Besides read and write, all RAID controllers must support rebuild. Rebuild is the operation of reconstructing failed pages within a stripe and writing them to new disk locations. The rate at which rebuild is done is a primary determinant of data availability [15]. In this section we discuss how reo_rebuild can be made generic to the RAID code.

Most RAID implementations also support RAID migration, a process of re-laying data that was stored in one layout to another. Migration can include changing stripe size or its rank (5-disk RAID 5 code to 7-disk RAID 5 code) or changing the RAID code itself (5-disk 1-fault tolerant RAID 5 code to 7-disk 2-fault tolerant EVENODD code). We discuss how REO can be used to support arbitrary RAID migrations.

If stripes have lost more elements from media or disk failure(s) then, the RAID code can protect against then, none of these operations can complete successfully. This is due to the inherent limitation of the RAID code and not of REO.

7.1 REO rebuild

Rebuild occurs when there is a sector or disk failure. In the former case, rebuild is typically done for the affected stripe which can be scattered over the volume. In the latter case (disk failure), rebuilds are batched. Within each batch, multiple stripes are rebuilt simultaneously since it translates to sequential disk reads and writes. Keeping a deep queue is essential to speeding up rebuilds [30]. In both cases, the basic logic for reo_rebuild remains the same.

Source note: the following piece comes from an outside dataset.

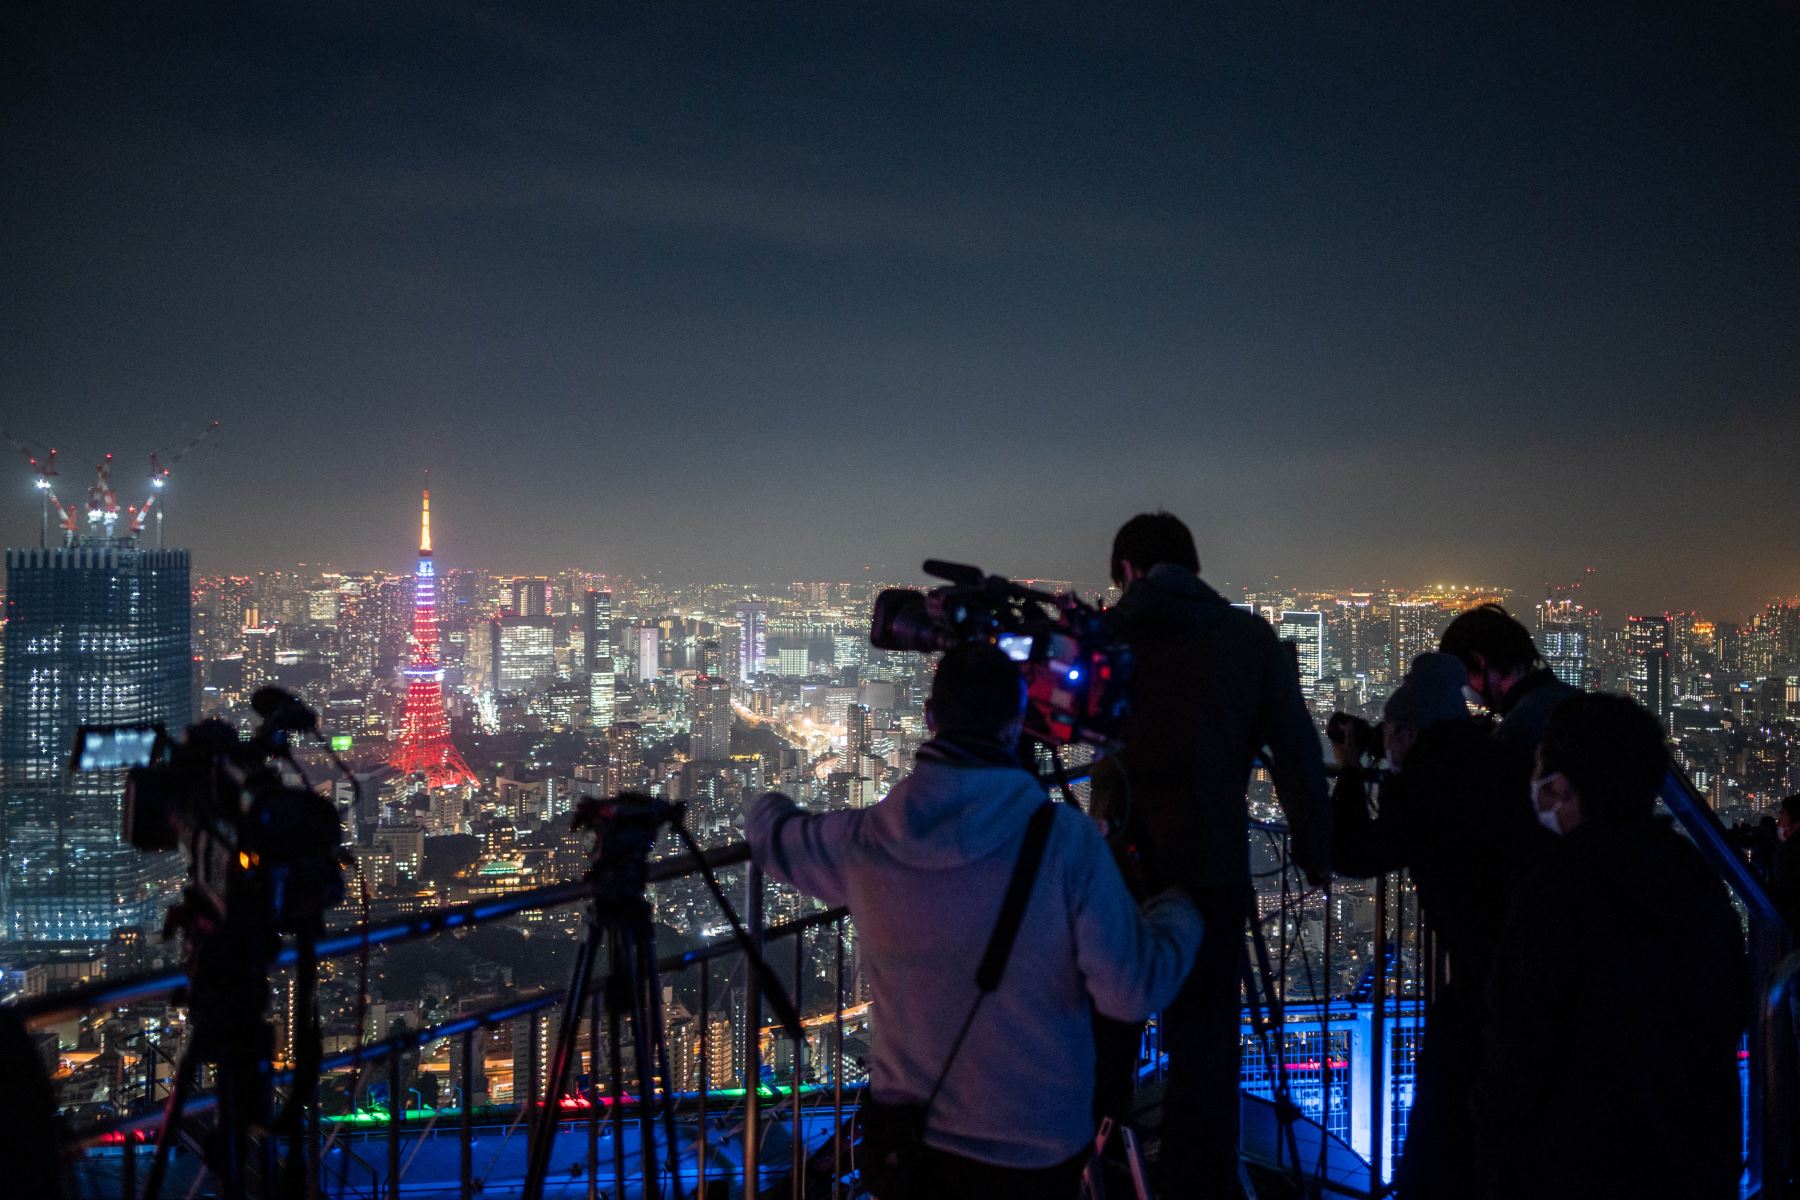 La gente observa el cielo nocturno con un telescopio mientras fotógrafos y videoperiodistas documentan un eclipse lunar desde la plataforma de observación de Roppongi Hills en Tokio. Foto: AFP

A rebuild for a set of lost pages within a stripe is executed in two steps. In Step 1, reo_read is executed for the set of lost pages. A read strategy for reconstructing the failed pages is picked by the RAID Engine and the resultant I/O plan is executed by the Execution Engine. In Step 2, an I/O plan with w set to the reconstructed pages is submitted to the execution engine. r and X for such an I/O plan are zero. Note that the I/O plan in Step 2 is slightly different from one generated for a similar reo_write - in some cases, parity pages do not need to be written during rebuild.

In some implementations the entire stripe is read and written out instead of just accessing the minimum pages needed for reconstruction. This is done to detect any lurking sector failures. reo_rebuild can be suitably modified to reflect this design decision. Some layouts [29] include spare space for rebuild within the stripe. Such information can be easily captured in the layout input to REO.

7.2 REO migrate

In RAID migration, a volume arranged in a source layout is re-arranged into a target layout. Typically, for space efficiency, this migration is done in-place i.e., the same set of sectors and disks in the source layout are reused for the target layout. Migration proceeds in strides, i.e., multiple stripes. Typically, this multiple is either determined by the lowest common multiple (LCM) of stride sizes of the source and target layouts, or by the stride size of the target layout alone. Sometimes, a staging area on disk is used to store temporary results if cache memory is limited. In both cases, the basic steps within reo_migrate are the same.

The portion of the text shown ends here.